Differentially expressed heterogeneous overdispersion genes testing for count data

Yubai Yuan  1 Qi Xu  2 Agaz Wani  3 Jan Dahrendorff  3 Chengqi Wang  3 Arlina Shen  4 Janelle Donglasan  3 Sarah Burgan  3 Zachary Graham  3 Monica Uddin  3 Derek Wildman  3 Annie Qu  2
Affiliations

Differentially expressed heterogeneous overdispersion genes testing for count data

Yubai Yuan et al. PLoS One. .

Abstract

The mRNA-seq data analysis is a powerful technology for inferring information from biological systems of interest. Specifically, the sequenced RNA fragments are aligned with genomic reference sequences, and we count the number of sequence fragments corresponding to each gene for each condition. A gene is identified as differentially expressed (DE) if the difference in its count numbers between conditions is statistically significant. Several statistical analysis methods have been developed to detect DE genes based on RNA-seq data. However, the existing methods could suffer decreasing power to identify DE genes arising from overdispersion and limited sample size, where overdispersion refers to the empirical phenomenon that the variance of read counts is larger than the mean of read counts.

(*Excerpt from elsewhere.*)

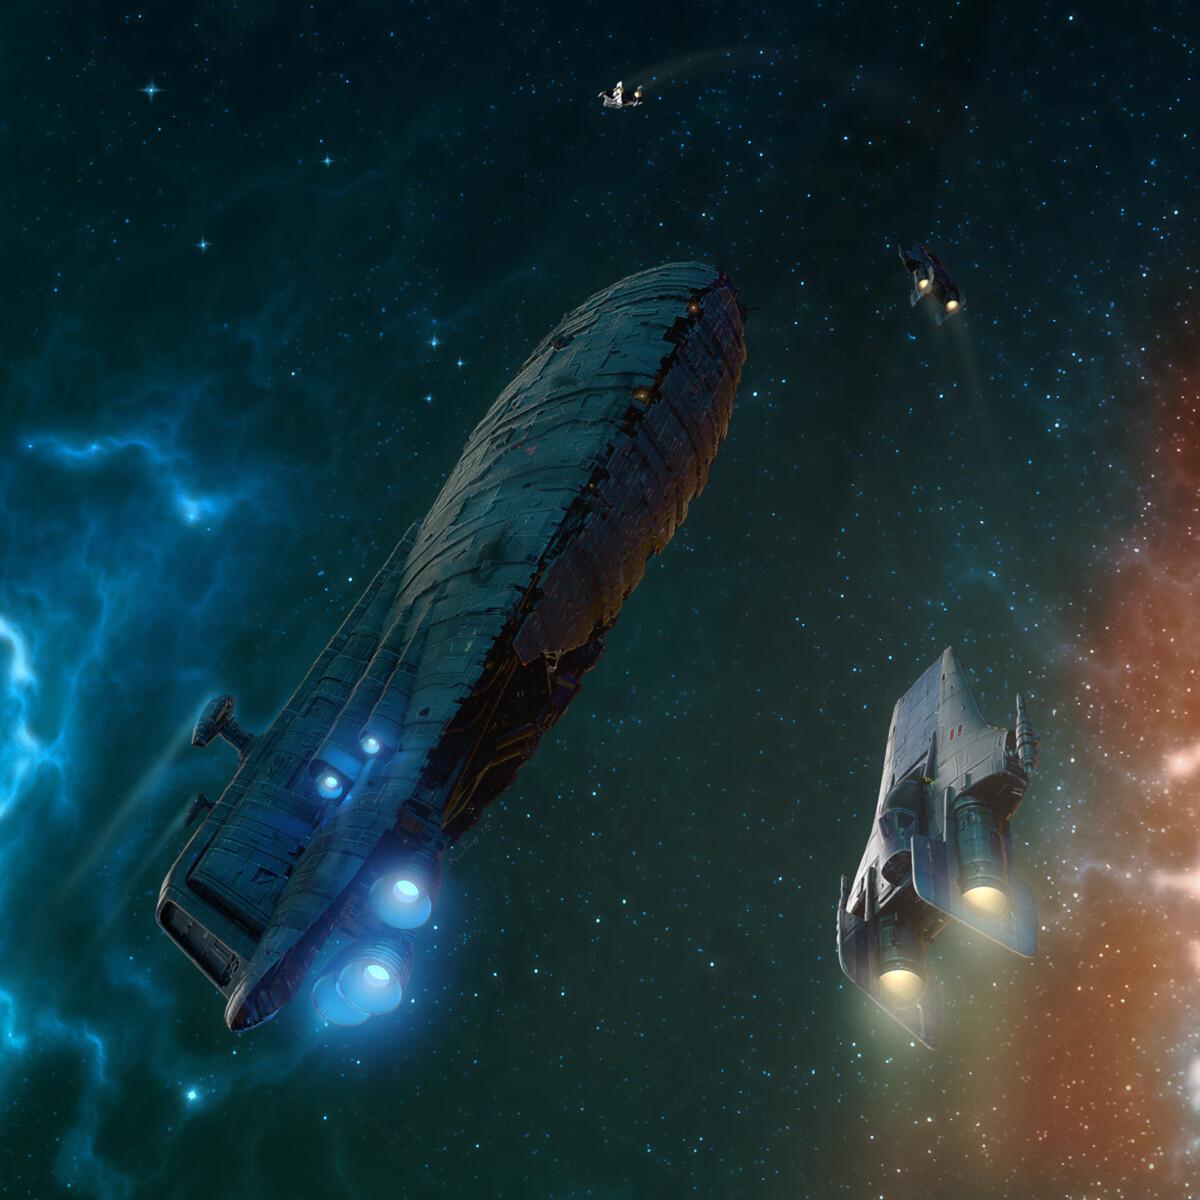 R-22 Spearheads escort a rebel transport through a nebula.

We propose a new differential expression analysis procedure: heterogeneous overdispersion genes testing (DEHOGT) based on heterogeneous overdispersion modeling and a post-hoc inference procedure. DEHOGT integrates sample information from all conditions and provides a more flexible and adaptive overdispersion modeling for the RNA-seq read count. DEHOGT adopts a gene-wise estimation scheme to enhance the detection power of differentially expressed genes when the number of replicates is limited as long as the number of conditions is large. DEHOGT is tested on the synthetic RNA-seq read count data and outperforms two popular existing methods, DESeq2 and EdgeR, in detecting DE genes. We apply the proposed method to a test dataset using RNAseq data from microglial cells. DEHOGT tends to detect more differently expressed genes potentially related to microglial cells under different stress hormones treatments.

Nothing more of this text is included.